In 2019 Germany marks the 100th anniversary of the Bauhaus, the innovative school of art and design originally founded in Weimar. On this occasion, the Klassik Stiftung Weimar will open a new Bauhaus Museum on April 6th.
The old Bauhaus Museum on Theaterplatz, depicted in this story to preserve its memory, had been closed since January 8th 2018.
Walter Gropius started the Bauhaus in April 1919. He called international avant-garde artists such as Lyonel Feininger, Johannes Itten, Wassily Kandinsky, Paul Klee, Oskar Schlemmer and László Moholy-Nagy to Weimar to teach in his college based on an innovative, pluralist teaching programme including creativity training, team work and practically oriented workshops. The Bauhaus students obtained outstanding results in the fields of fine art, design, architecture and the performing arts.

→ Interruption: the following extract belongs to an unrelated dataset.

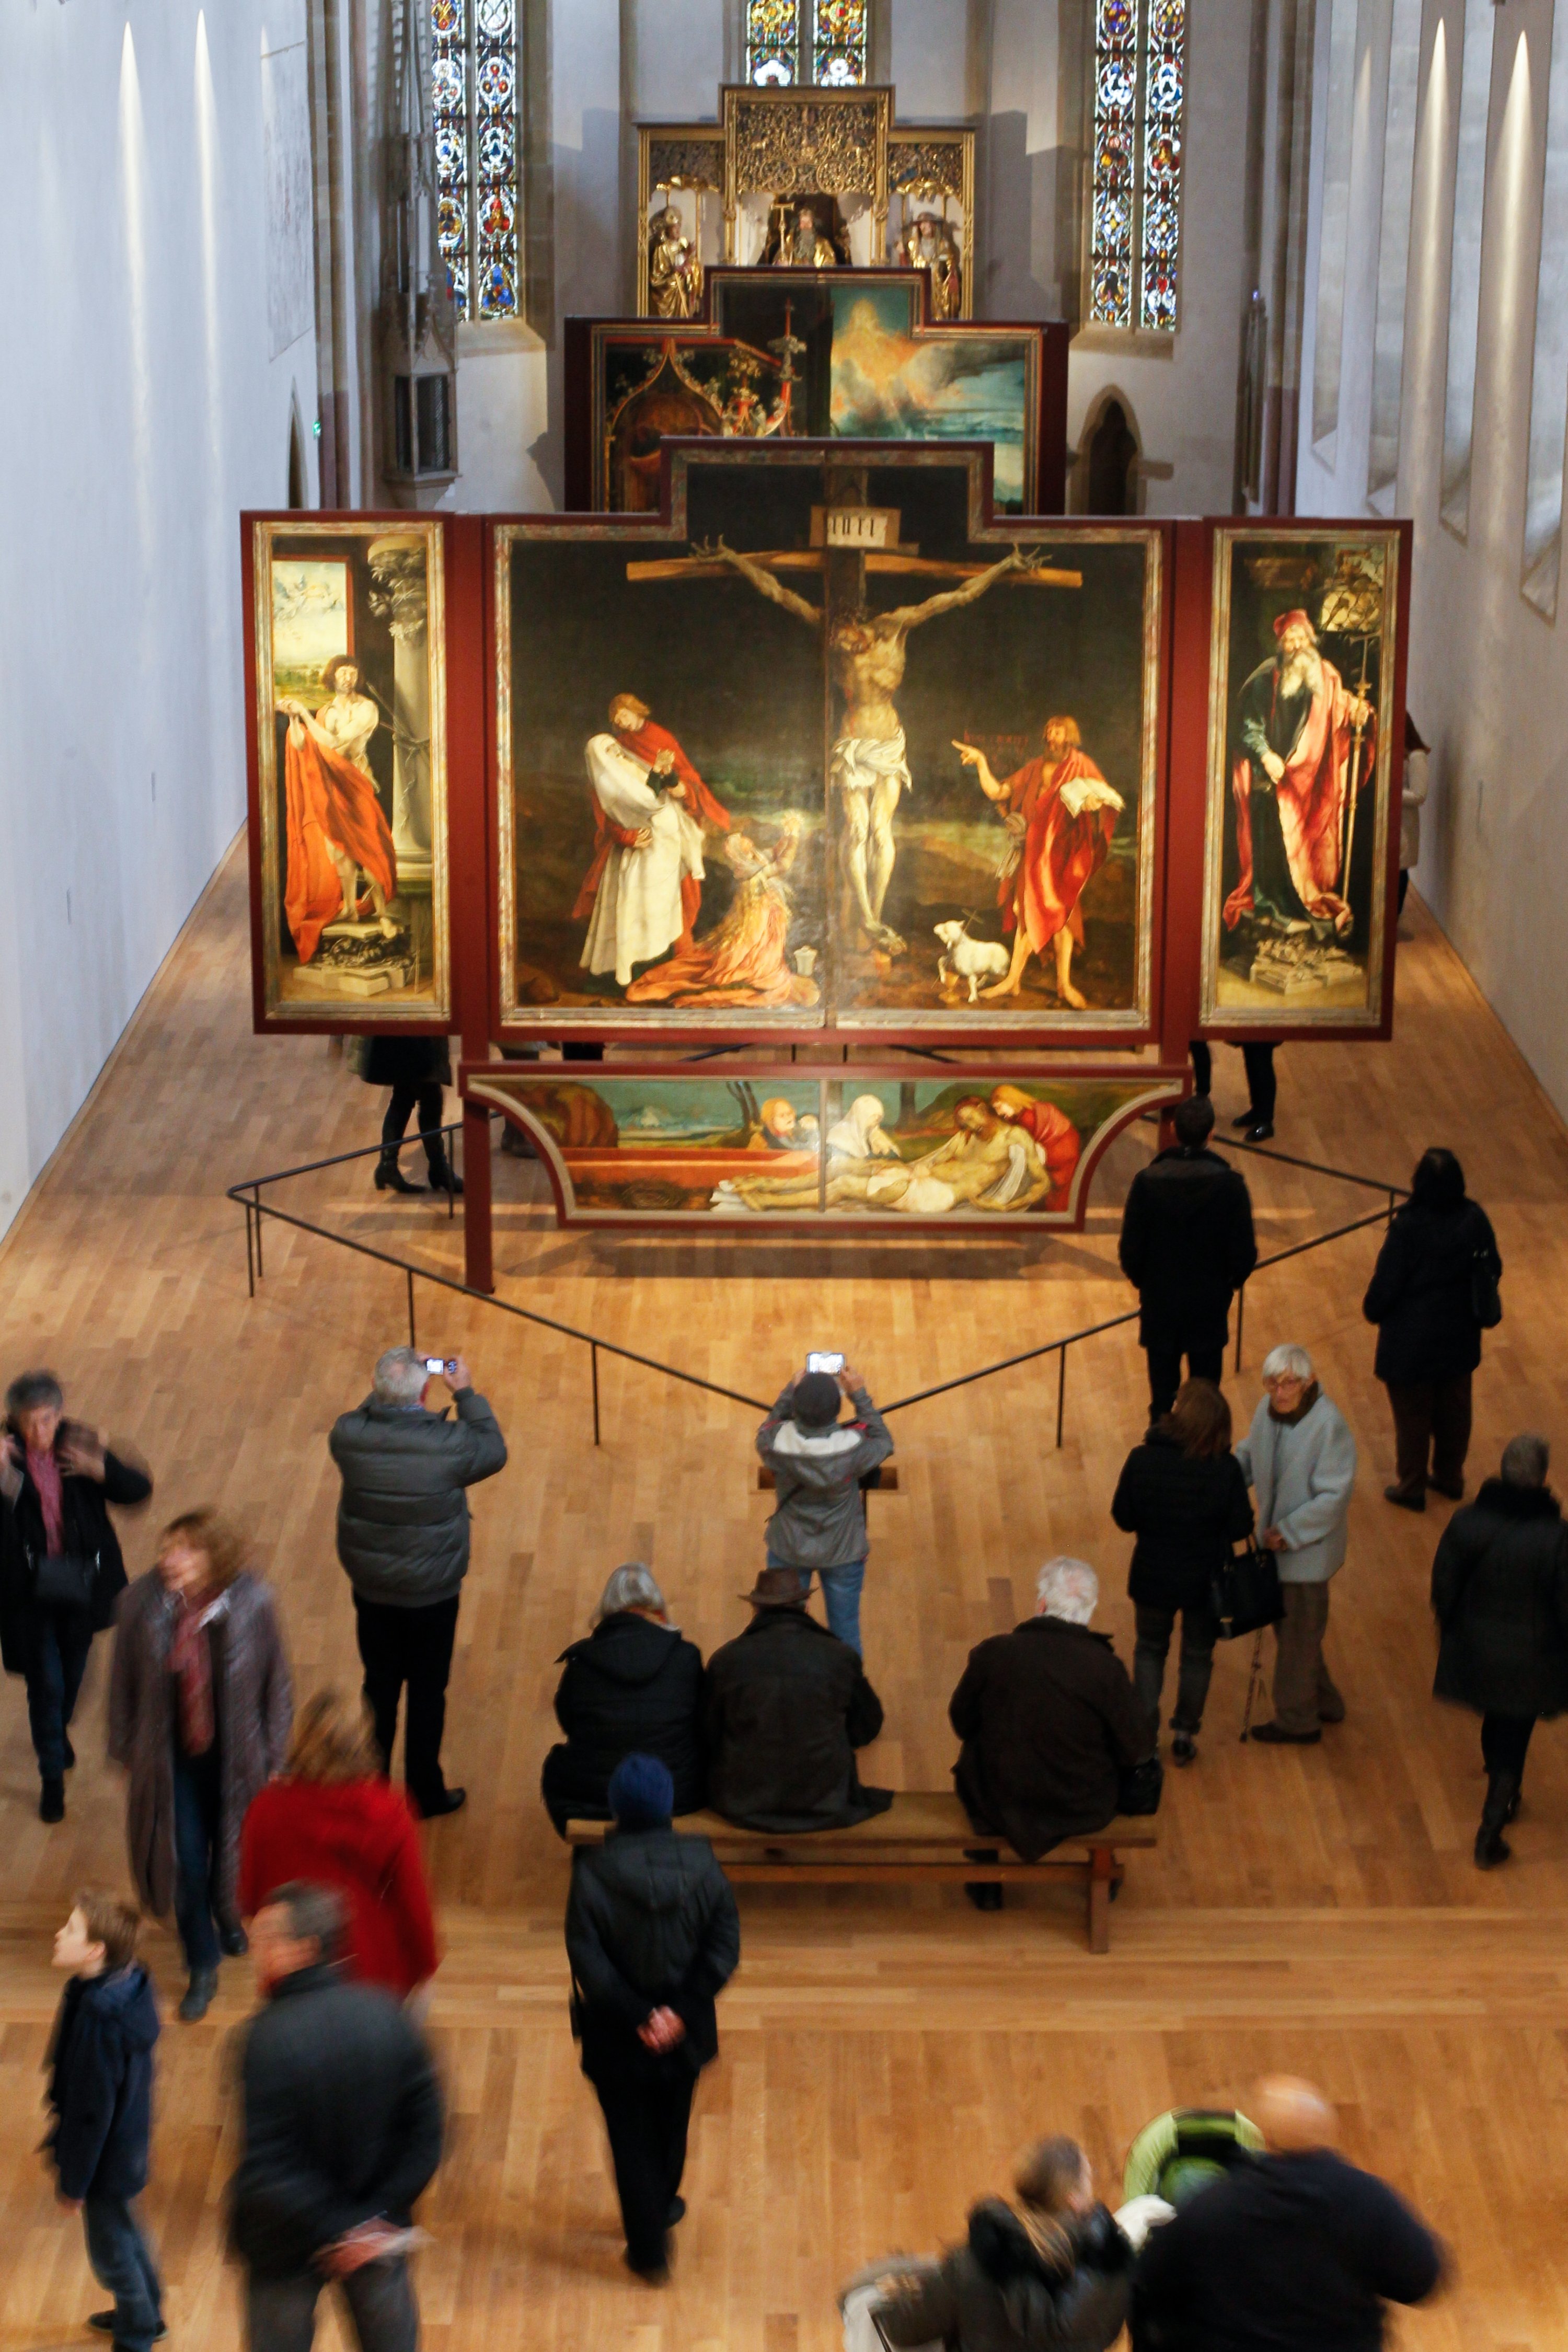 Altar Isenheim di Colmar, salah satu karya terpenting dalam sejarah seni sakral, telah menjalani pekerjaan restorasi yang luar biasa ekstensif selama beberapa tahun, Colmar, Prancis, 25 Oktober 2019. (Foto dpa)

The Bauhaus was driven out of Weimar in 1925, moved to Dessau and in 1932 relocated to Berlin. The National Socialists finally closed it in 1933. No other German college was as closely linked with the political, economic and cultural development of the Weimar Republic as the State Bauhaus.
In 1996, the Bauhaus Sites in Weimar and Dessau were officially added to the list of UNESCO World Heritage.